Keywords Outsourcing ,Consumer surplus,Welfare
Introduction
Outsourcing occurs in several industries such as aviation, automobiles, computers and electronics. Among some well-known cases, consider the aircraft giant Boeing, which outsources products of over 34,000 components to different manufacturers for the production of 747 passenger aircraft. It is particularly interesting to note that Boeing signed agreements with a Japanese consortium1 whose costs are just as high as or higher than Boeing. According to the agreements, Boeing would purchase from them the 767-X fuselage during the 1990s, and then wings, together with related research and development during the 2000s (Chen, 2011).
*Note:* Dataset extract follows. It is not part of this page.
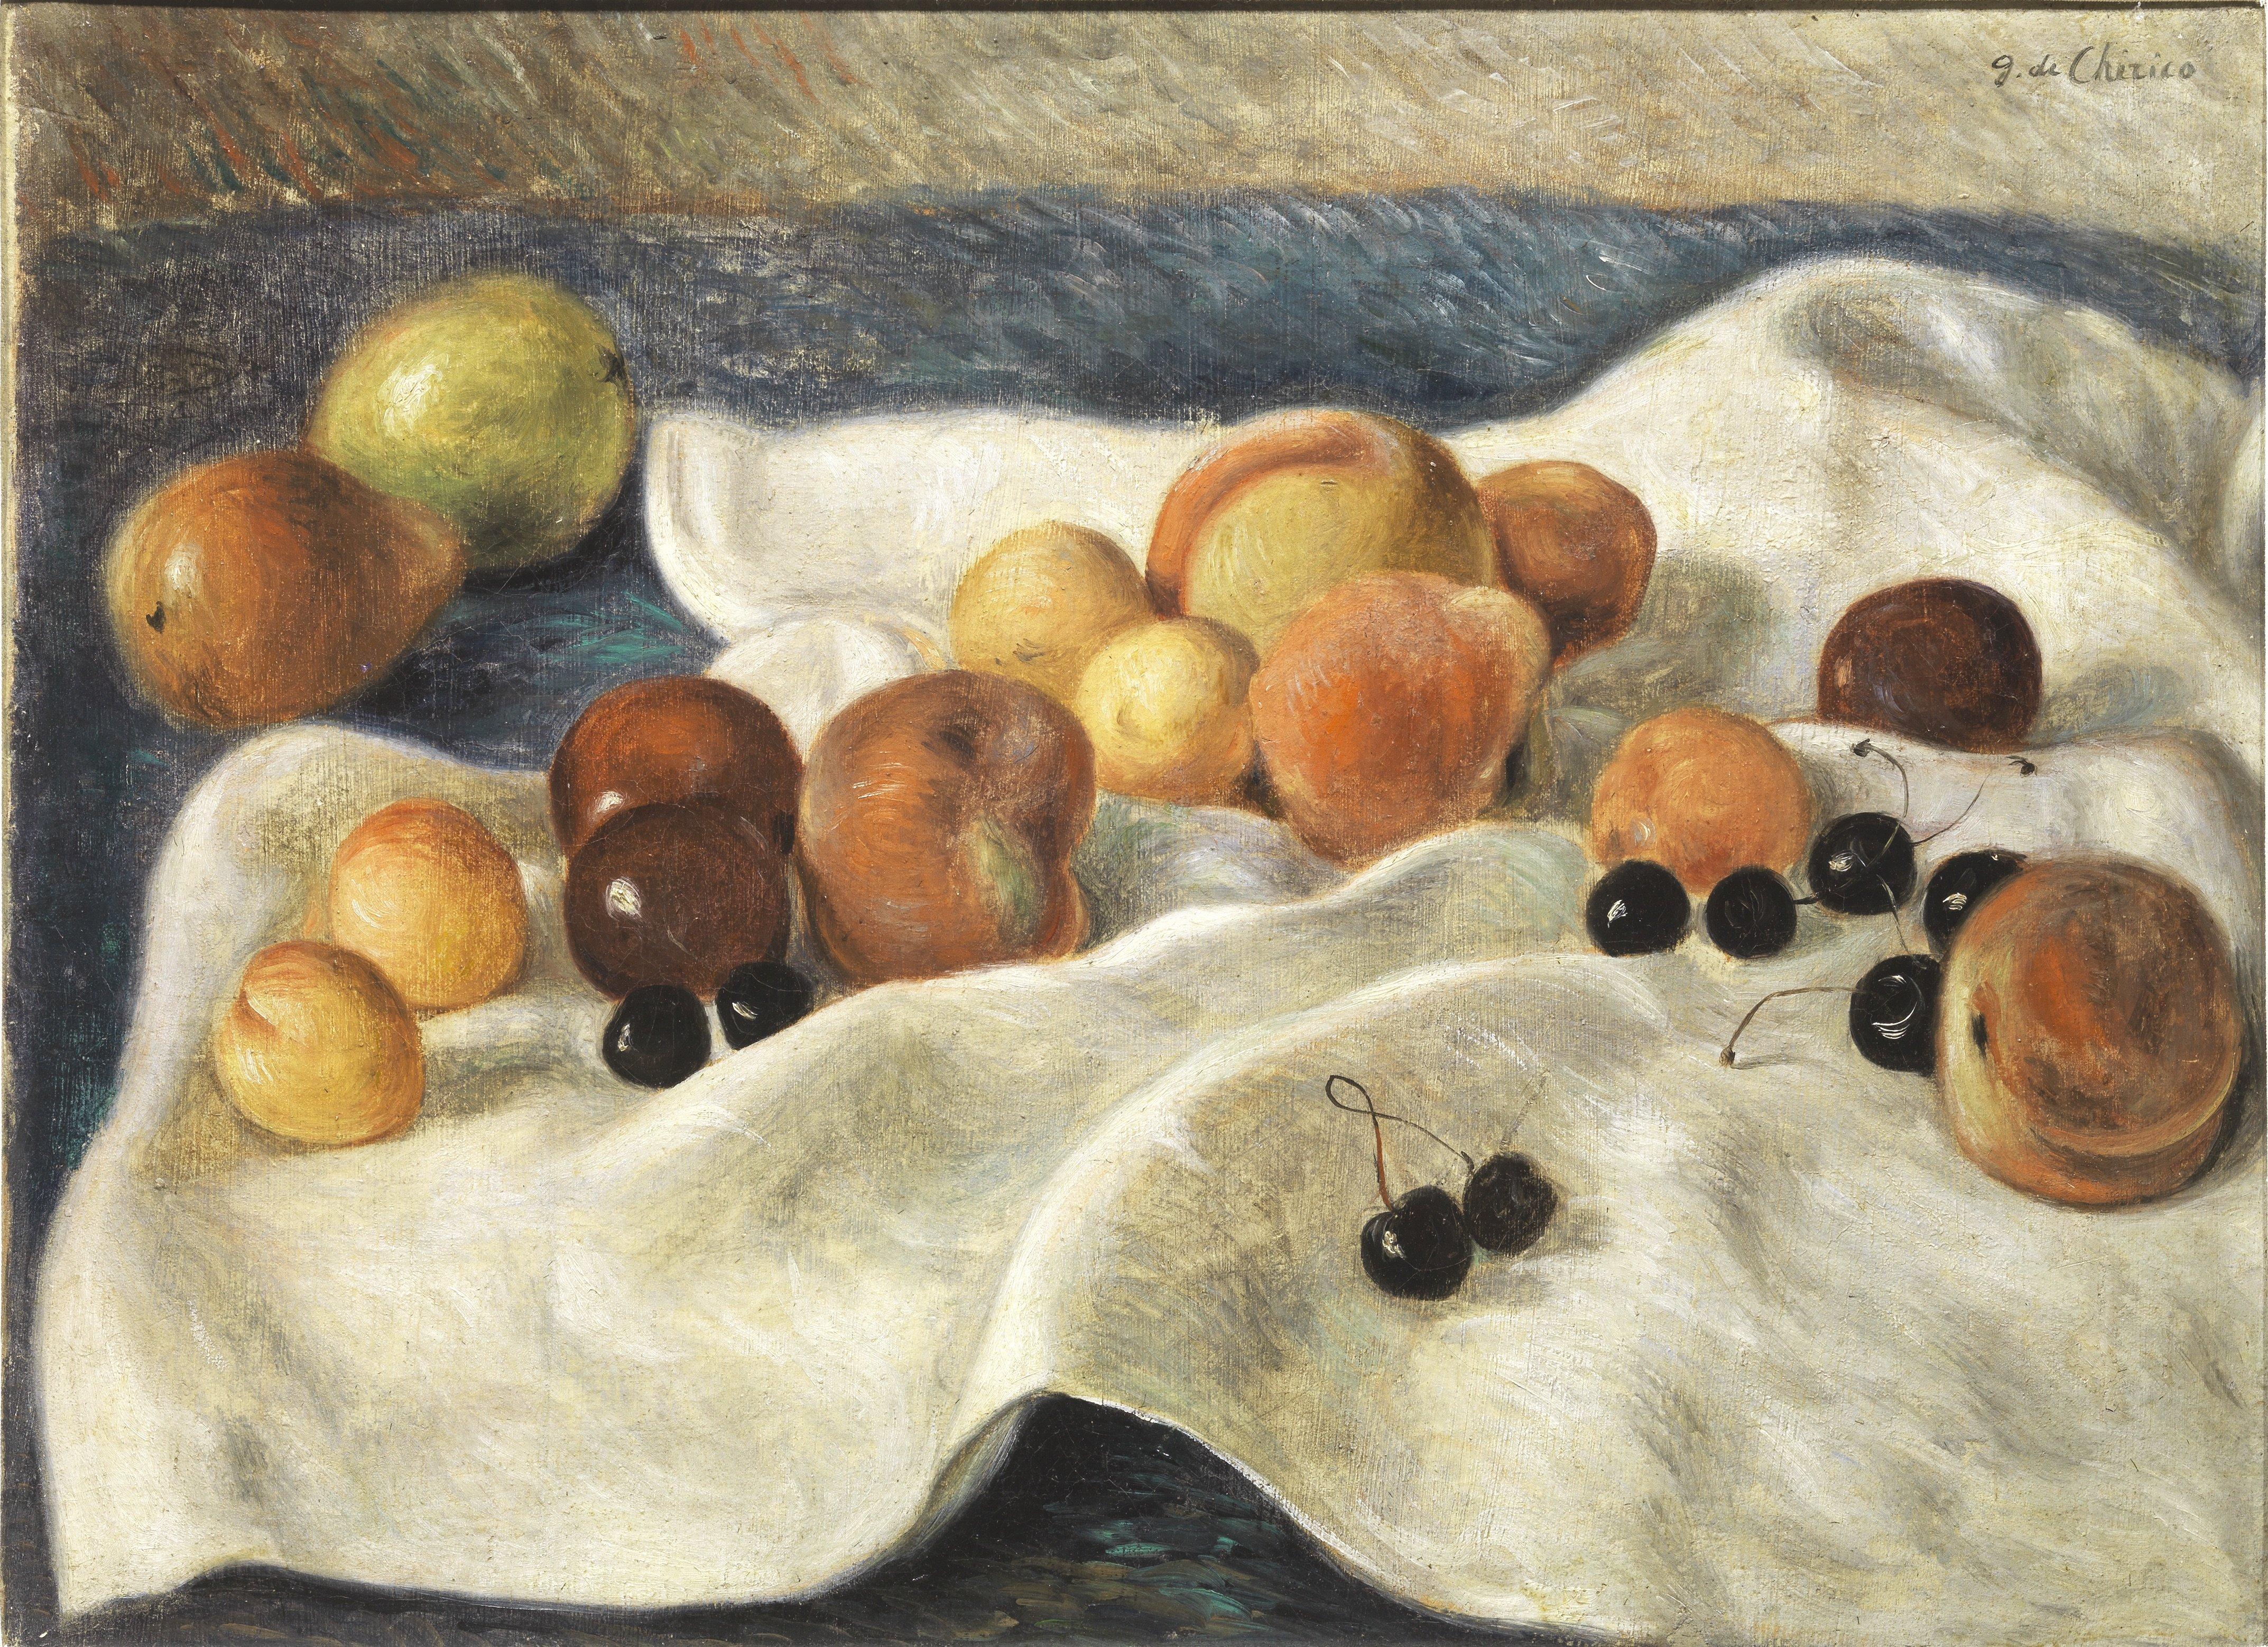 Giorgio de Chirico, Natura morta, 1930, 53.5x74 cm

In computer industry Sun purchases about 75% of components from other companies. It is also common that outsourcing activities sometimes take place in a manner where the arch rivals purchases from common suppliers. For example, in 2004, Shanghai Automotive Industry Corporation (SAIC) manufactured for Volkswagen and GM.2 In the United States, more than 60% of auto parts suppliers make components for the big three car manufacturers, viz., GM, Chrysler and Ford (Alexandrov, 2010). Spirit AeroSystems Inc., the world’s largest first-tier aerostructures manufacturer and the former Boeing Commercial Airplanes site that was divested from Boeing in 2005, is a supplier of fuselage sections for both Boeing and Airbus.3
Conventional wisdom suggests that the sourcing decision (i.e., producing in-house or purchasing from an outside supplier) may simply be a matter of choosing the least cost alternative by comparing internal production costs with the prices charged by the independent suppliers.4 However, in today’s world where strategic interactions among the final goods producers are evident, we show that a final goods producer may outsource input production to an outside supplier even if the final goods producer possesses a superior input-production technology compared to the outside supplier. The final goods producer with a superior input-production technology does this in order to get a strategic advantage in the final goods market.